# Orderless pattern matching

The MMA docs state that "In matching patterns with Orderless functions, all possible orders of arguments are tried".

Why then does the following not work?

plus[x__Integer, y__Real] := x+y
Attributes[plus] = {Orderless}
plus[2.5, 3]


Got:

plus[2.5, 3]


Expected:

5.5


Note that the expression does match the pattern.

MatchQ[plus[2.5, 3], plus[x__Integer, y__Real]]


returns True if and only if plus has the Orderless Attribute.

I think the documentation needs to be more clear on this; the order of definitions is important:

Remove[plus]

Attributes[plus] = {Orderless};
plus[x__Integer, y__Real] := x + y

plus[2.5, 3]

5.5


So the Orderless attribute must be active at the time the definition is created.
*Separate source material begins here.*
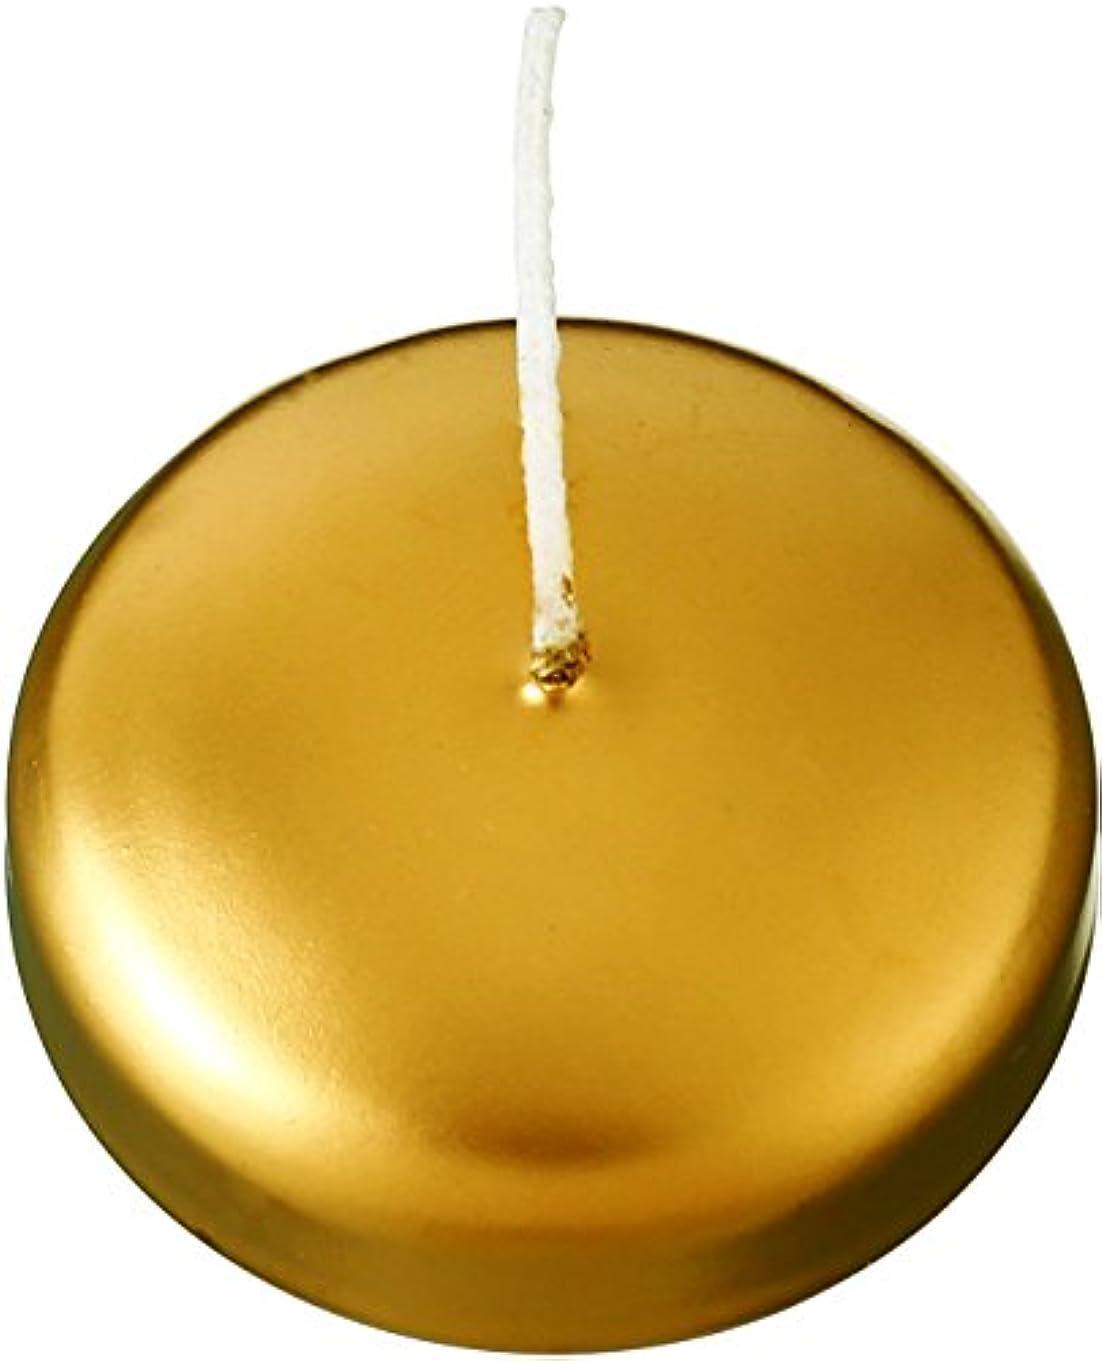 練るねじれ進化カメヤマキャンドルハウス フローティングキャンドル50 ゴールド 12個セット

Noteworthy is that definitions made before setting the attribute can cohabit with those made after setting it in a very useful way. For years I didn't know this until Simon Woods made me aware of it with this answer:

Here is my own application of that behavior:

## OrderlessPatternSequence

Version 10.1 introduces OrderlessPatternSequence which allows orderless behavior to be applied one definition (or even pattern) at a time.

Remove[plus]

plus[OrderlessPatternSequence[x__Integer, y__Real]] := x + y

plus[a_, b_] /; a < b := {a, b}


The first definition works in orderless fashion:

plus[2.5, 3, 1.8]

7.3


The second definition retains normal behavior:

plus[3, 1]

plus[3, 1]